Turning lighting into geometry is challenging, but it could be done with an understanding of the Xbox
hardware, and it totally paid off. They ended up getting crisp shadows, shootable light bulbs,
and scenes that reacted to the players in real time. The line between engine design is,
and game design was blurring together.
Anyway, this was fab.
We were having a whale of a time.
We learned so much about how big, big, big C++ projects end up looking because we were
writing one.
But then a spanner came or a wrench, depending on your side of the Atlantic, in the works, and
said, well, this Xbox exclusive title, Xbox, eh, not doing so well.
It's looking like a Dreamcast all over again.
we should probably also do this for PlayStation 2.
And that was when the bottom fell out of our world
because we're like, but all of these tricks that we're doing
aren't really PlayStation E.
The PlayStation 2 was powerful, but it was super low level.
Developers had to juggle these DMA engines
and vector units manually with little support
for the type of per pixel effects that the Xbox could do.
The Xbox GPU could handle all the fancy lighting out of the box.
it had these shaders, but the PS2, you could push pixels fast, but it lacked the shaders.
But we were able to get the same lighting system in, which is like a really difficult thing.
We were able to come up with a way of remapping the 3D texture into 2D dynamically
so that we could get the same kind of light fall off.
And then the blending, oh, so the blending was a real trick.
we essentially lie to the hardware and say,
hey, you see this screen over here,
you think it's the screen, right?
We've just drawn all these lights to it.
But actually, it's not a 32-bit per-pixel screen
like you thought it was.
We're just going to tell you that it's an 8-bit-per-pixel alpha image, right?
So you're basically telling it it's the wrong format.

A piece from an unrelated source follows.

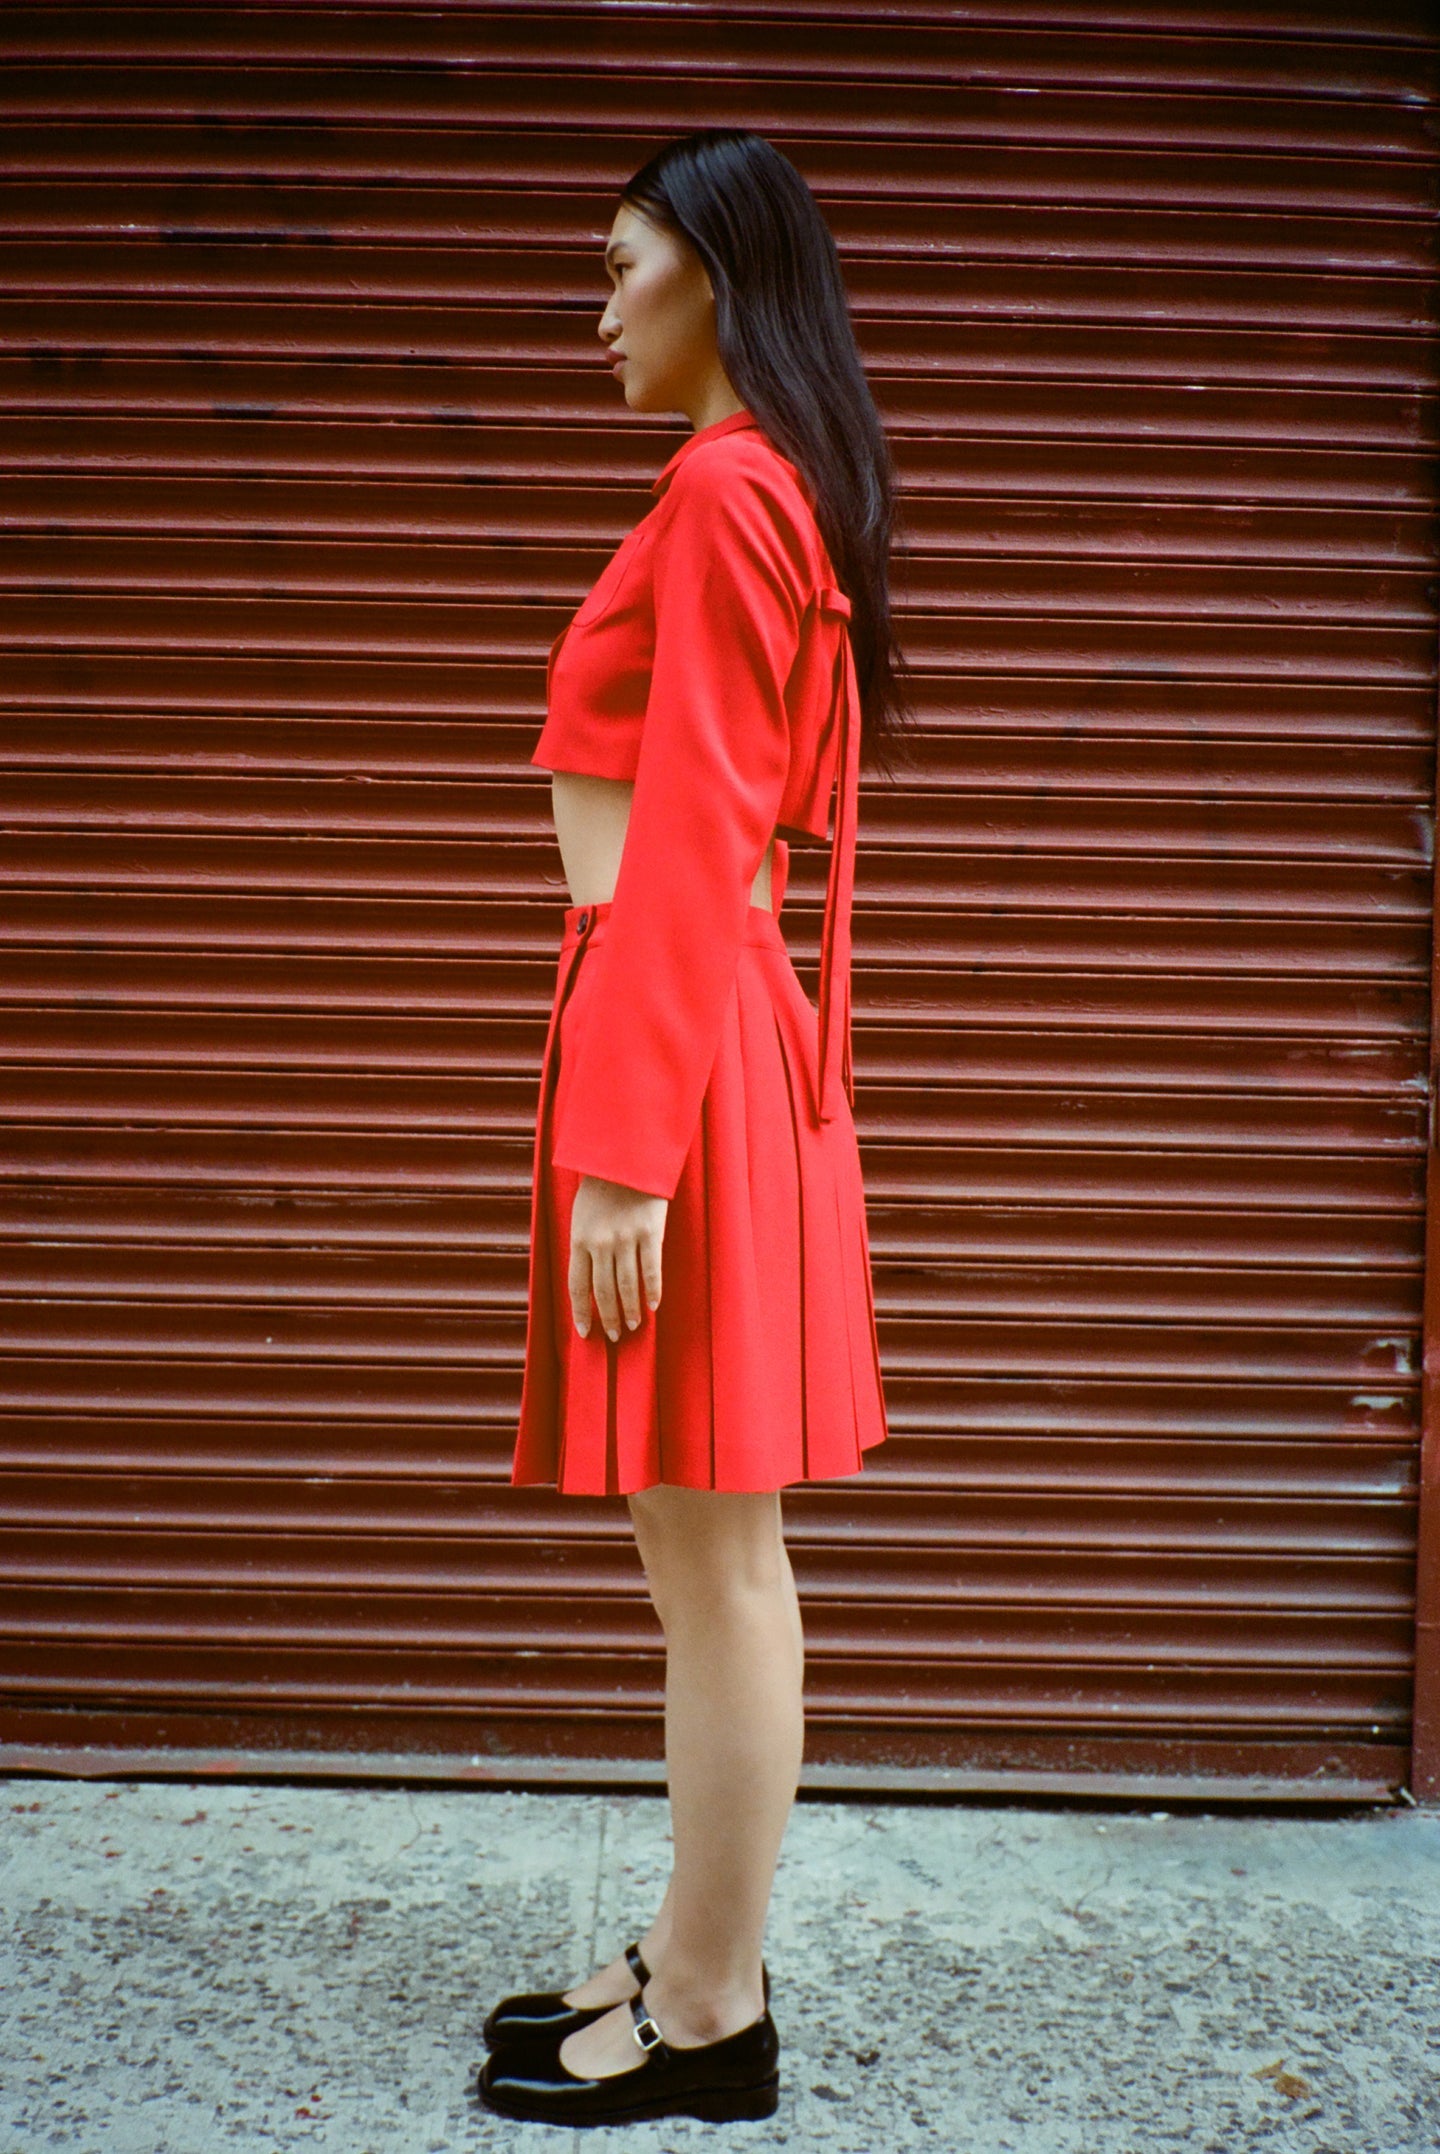 Astra Skort in Red by Sandy Liang http://www.shoprecital.com

Now, because of some really strange hardware characteristics
and for convenience of being able to, when it's in 32-bit mode,
write out red, green and blue to separate RAM chips in the system so that that blending was fast
so that it could effectively be reading and writing red and green and blue in parallel.

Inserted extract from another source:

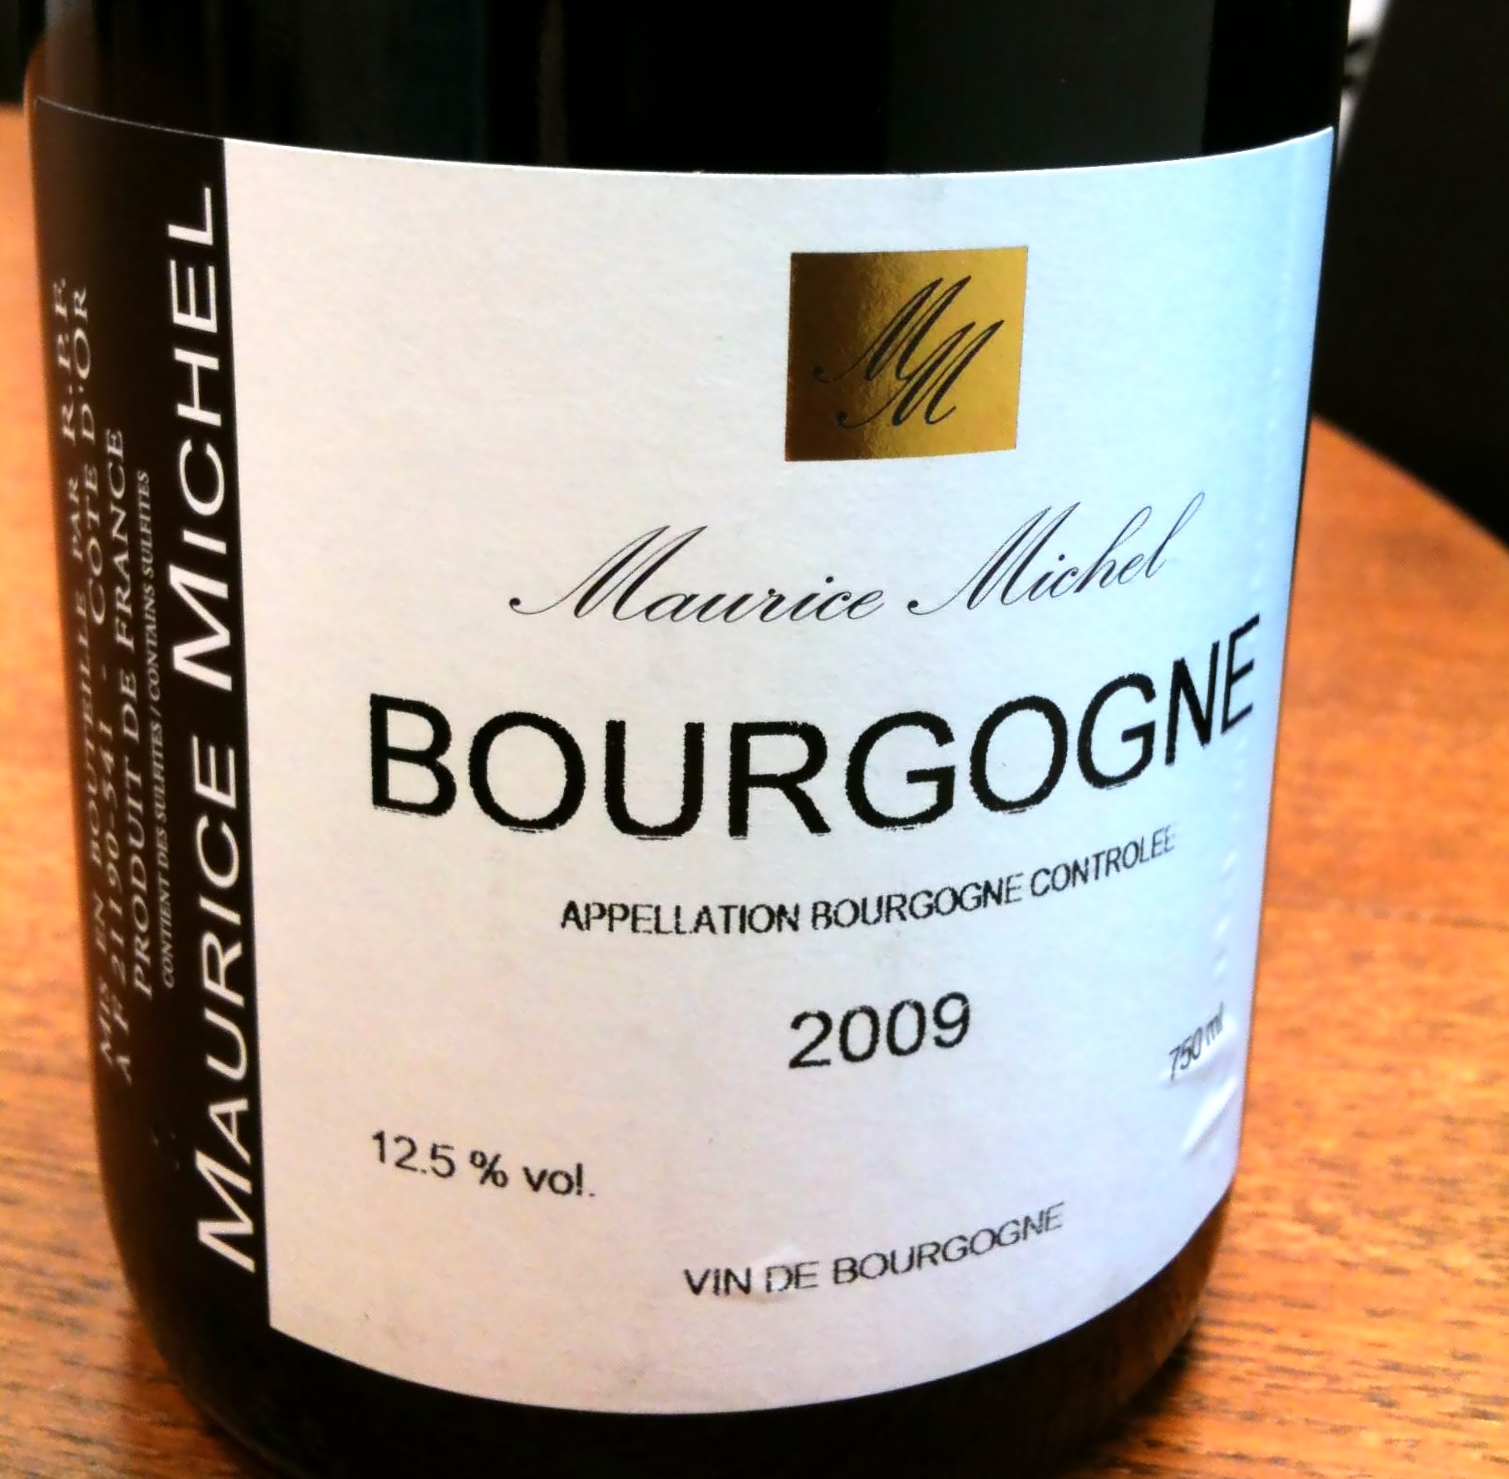 Maurice Michel Bourgogne Pinot Noir 2009

They're in literal physical different chips.
When you changed it from one way to the other, you suddenly became exposed to that.
So if you could somehow get a microscope and peer into the memory of that 32-bit color image,
you would see that what you would see is blocks of all the red pixels grouped together,
then all of the blue pixels, then all of the green pixels,
but in weird banding and alternating again,
because this was really a hardware optimization
that was meant to be hidden from you,
but you'd lied to it and said it's an 8-bip.
But what that meant was you could pluck out the red pixels
by drawing thousands and thousands and thousands of tiny triangles
that drew out the regions where you knew the red pixels were going to be,
and that gave you an alpha image of the red colour,
and then you could just draw,
using that as the source texture.
So this is where I'm reading from.
You draw a big red triangle over the main screen
with this texture on it.
And that effectively gives you that multiply,
but just for the red component.
Then you do it again for the green
and then you do it again for the blue.
And each of these is like that.
But again, luckily there were these funny little DSPs.
And you could write a program
that generates these millions of stupid little pointless triangles
just to draw.
Again, without a photograph or an image of me pointing it,
it's difficult to convey.
so I hope that your listeners are, I've got a decent visual understanding what I mean.
Basically, they're hacking the frame buffer so that they could pull out this red and green and blue as separate layers and rebuild the lighting step by step.
It's a classic mat move.
Ignore the rules, see how things actually work under the covers and talk straight to the hardware.
But in principle, it was a massive trick and it was one of those like, oh, that's clever.
And it wasn't my trick, it wasn't Nick's trick.
We found it.
It was one of the things that actually, I think it was Mike Abrash.
who was working, I think, for Sony at the time.
And that's why Matt is proud of this.
There was a business constraint,
and it forced them to do something uncomfortable.
The Dreamcast prototype became this SWAT project on the Xbox,
where they built this new engine,
but then they had to stretch it
and find ways to do it on the PlayStation 2
through deep hardware-specific hacks.
And the payoff wasn't just getting these ports working,
although that was a big thing.
It was also this lesson about how knowing
about the next layer below you
gives you options when the rules change.
After games, Matt carried the same instinct
for pulling back the curtain into a new world,
high-speed finance.
The problems look different, but the pattern was the same.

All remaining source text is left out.